# aggressive bees



## jrbbees (Apr 4, 2010)

Idea:
Split the brood frames between the two deeps. Place a Queen Excluder between the two deeps. 

Look for the Queen as you split. If you don't see her. Then come back in 4 days and look for new eggs. Now! You know know which half she is in.
Now look very closely by setting each frame in an extra deep off to the side as you check them. If you still don't see her then check in the empty deep after you have checked all the frames.

If you don't see her, Then put a new bottom and lid on the box she is in and move it 25 feet away. All the older bees will return to the old location and the old hive. wait one day.
Put new queen in old hive where old queen is NOT.
Now look again for the old queen with the reduced number of bees in the hive you set aside.

When you find her. DEATH to the Queen!

Do a paper combine of everybody back to the original hive.


----------



## KQ6AR (May 13, 2008)

Good Advice,
Also make sure you have enough drones to produce a queen now.

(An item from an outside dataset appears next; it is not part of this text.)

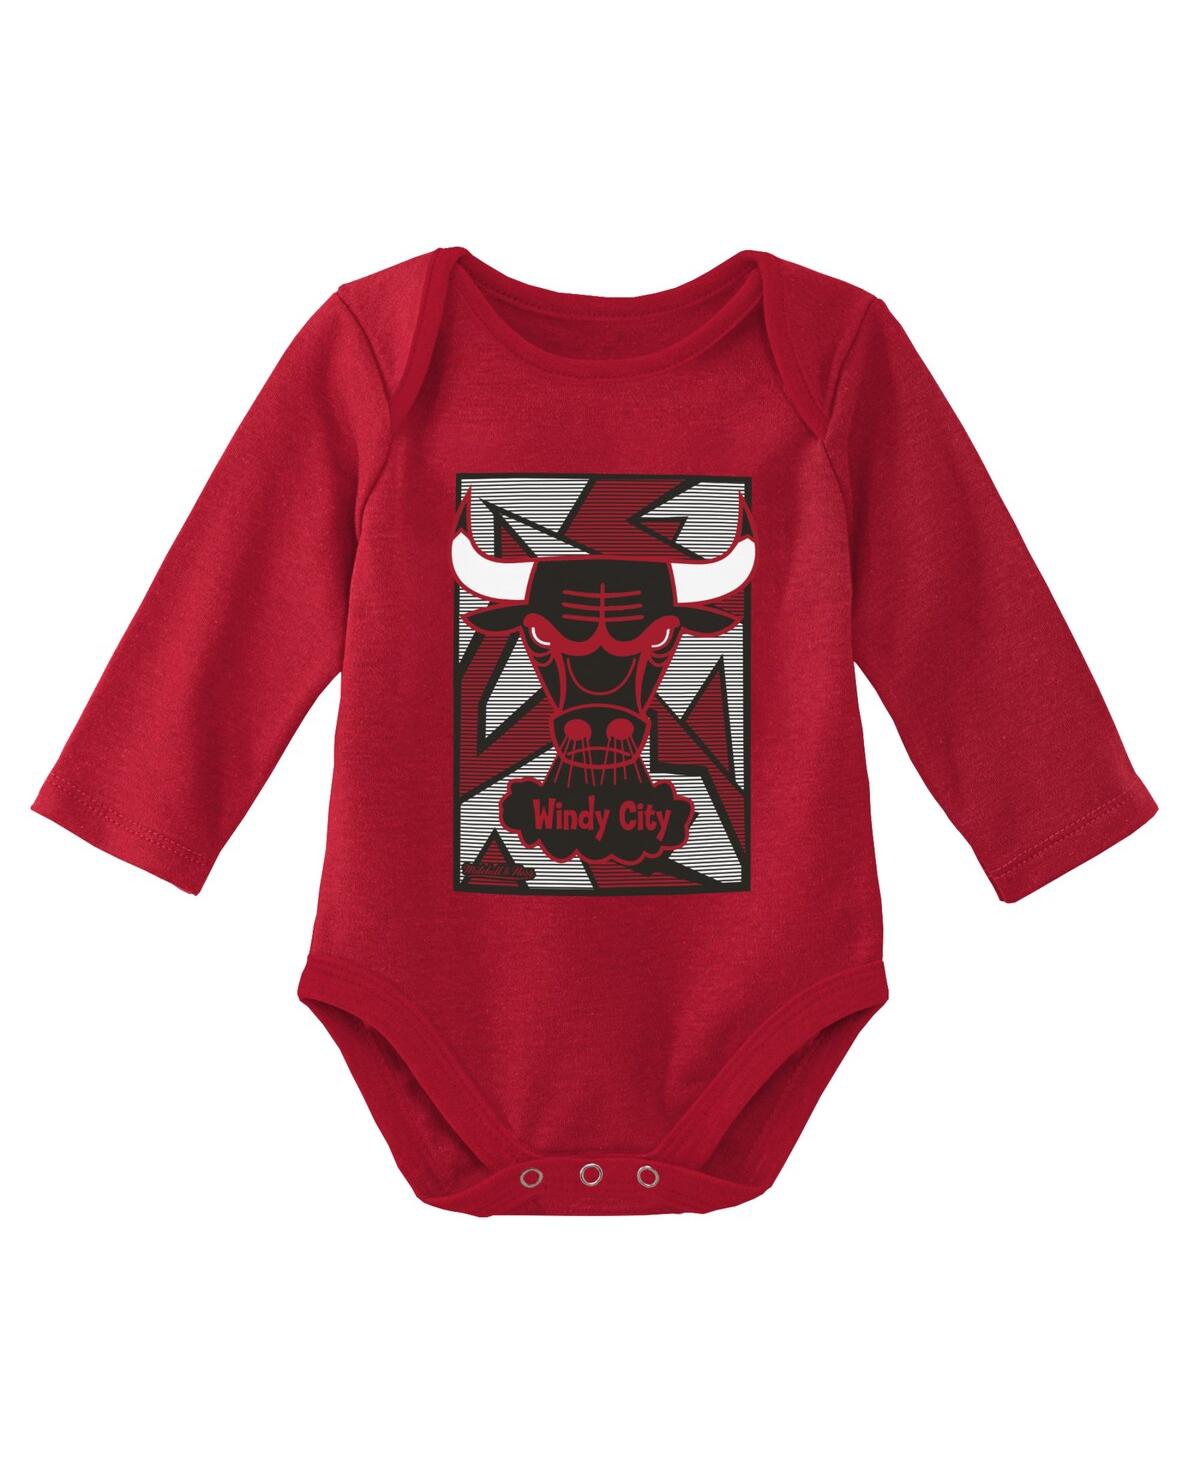 Shop Mitchell & Ness Infant Boys And Girls  Black, Red Chicago Bulls Hardwood Classics Bodysuits And Cuffe In Black,red

It might be a little early.


----------



## ChristopherA (Jul 20, 2010)

I would title this as defensive or overly defensive bees. Bees only protect thier home, thus making them defensive.


----------



## wes1945 (Jul 3, 2010)

Chris, I appreciate your response. You are probably right, they may be over defensive, but when I cannot walk within 50 feet of them without a couple of them coming after me, something is going to change. I ordered a new queen today, and as soon as she is shipped, which will be April I will take the advise given and sent the present queen " to a better place". She cranks out lots of brood, but they are not friendly girls.


----------



## ChristopherA (Jul 20, 2010)

AHB maybe?


----------



## RiodeLobo (Oct 11, 2010)

jrbbees said:


> Idea:
> 
> If you don't see her, Then put a new bottom and lid on the box she is in and move it 25 feet away. All the older bees will return to the old location and the old hive. wait one day.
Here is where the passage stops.